▶ **Problem to solve**
Begin your copy at the line with "Shop Black Sleeves" in the records below and end it at the line with "Property ladder by hyrons", restating each line word for word; omit the pictures.

▶ **Data under study**
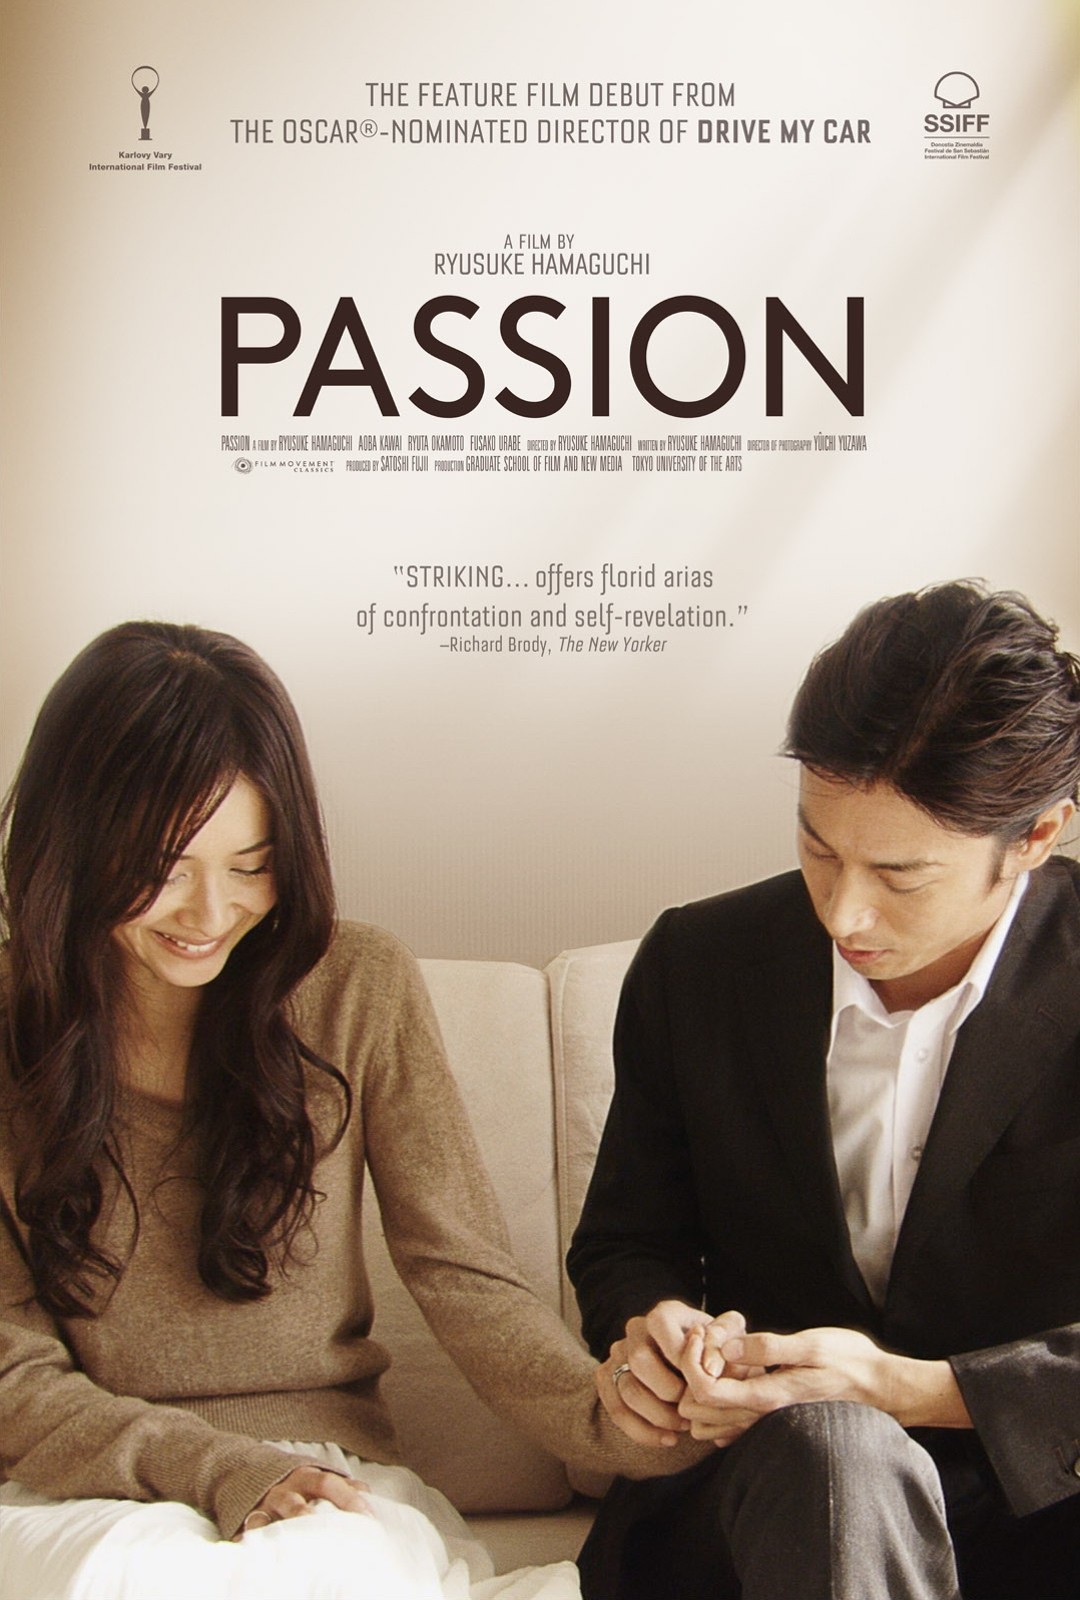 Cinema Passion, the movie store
...
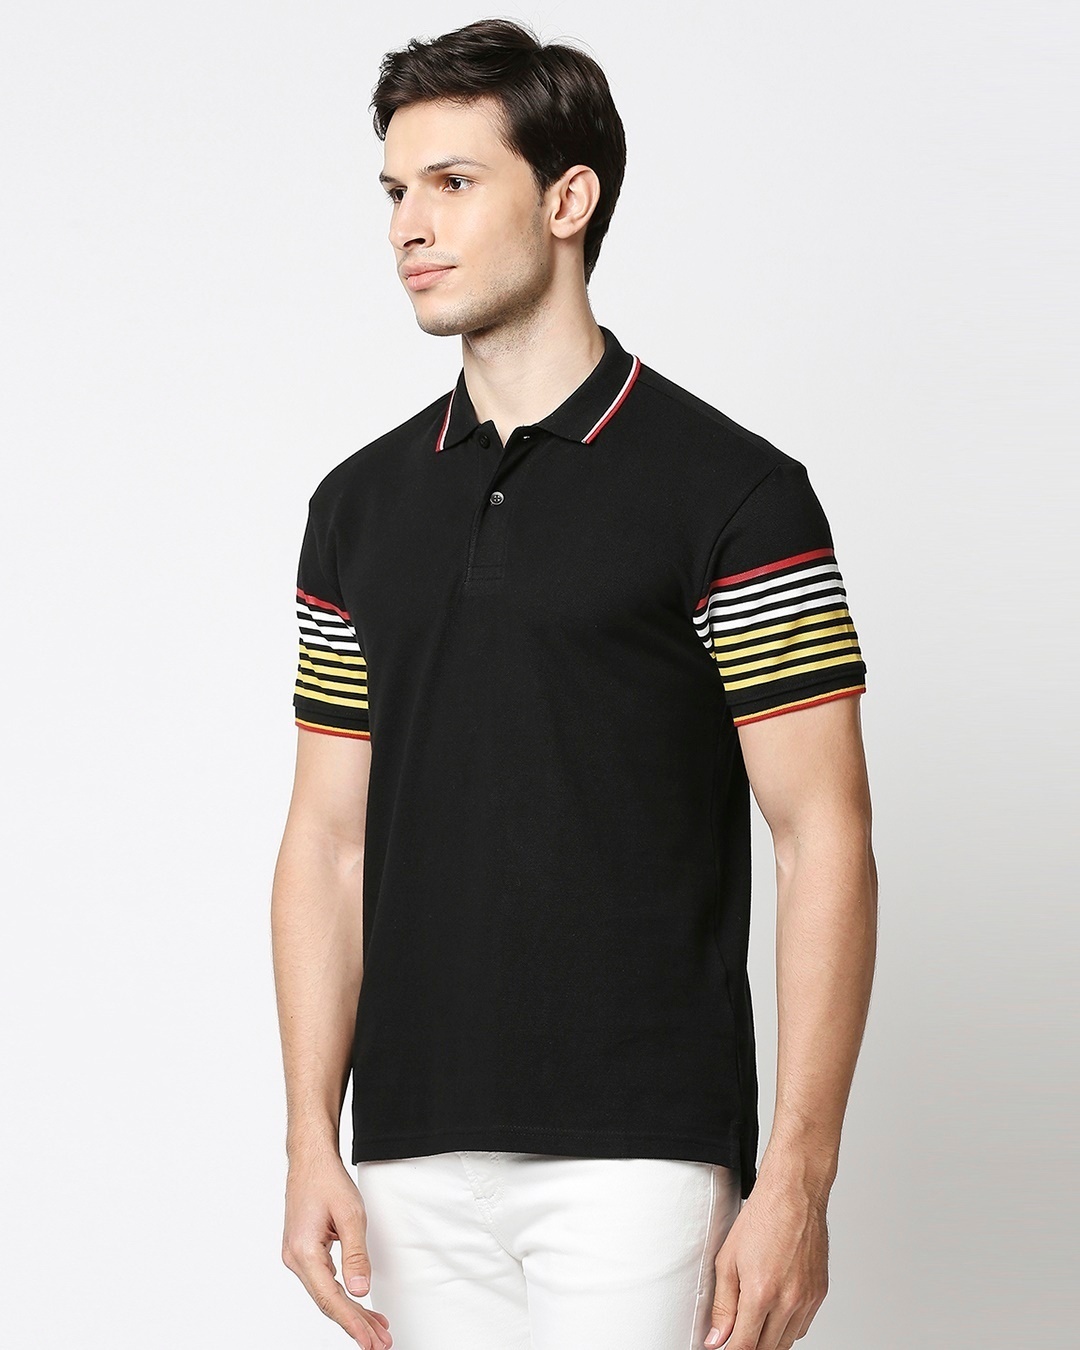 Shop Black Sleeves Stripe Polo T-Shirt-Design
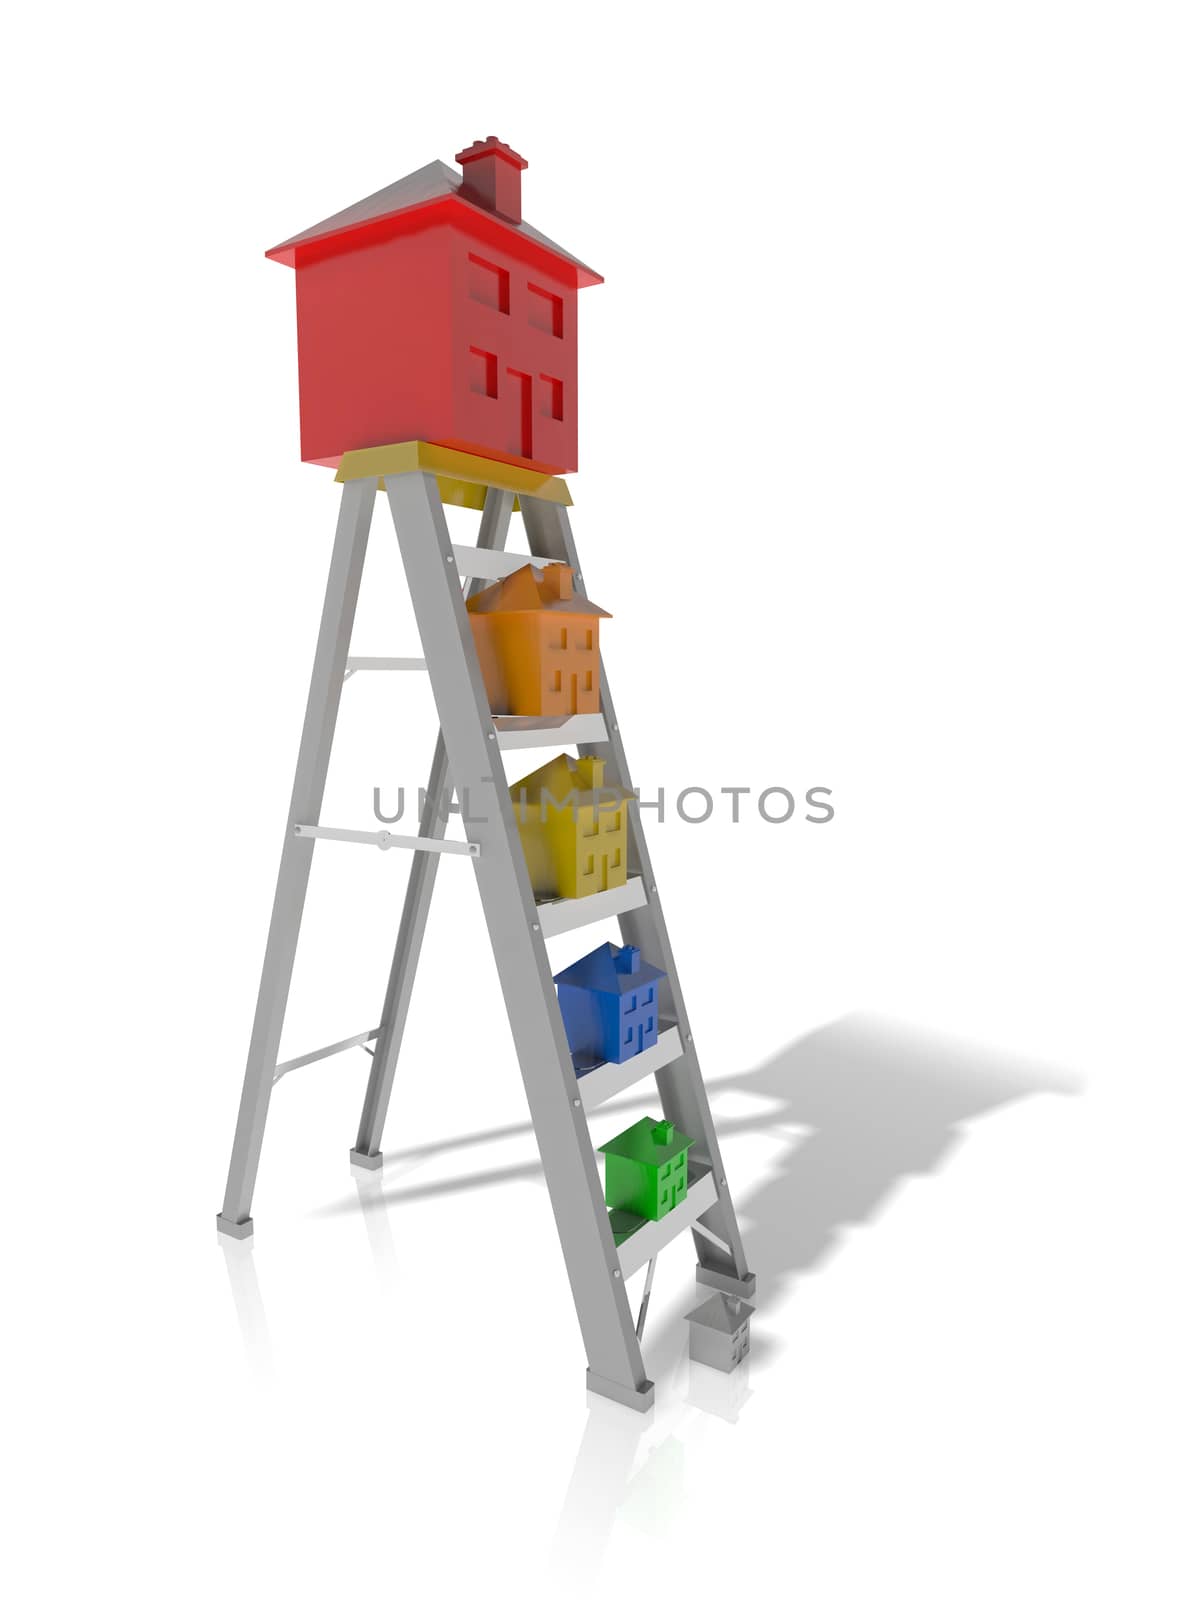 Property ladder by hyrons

▶ **Expected answer**
 Shop Black Sleeves Stripe Polo T-Shirt-Design
 Property ladder by hyrons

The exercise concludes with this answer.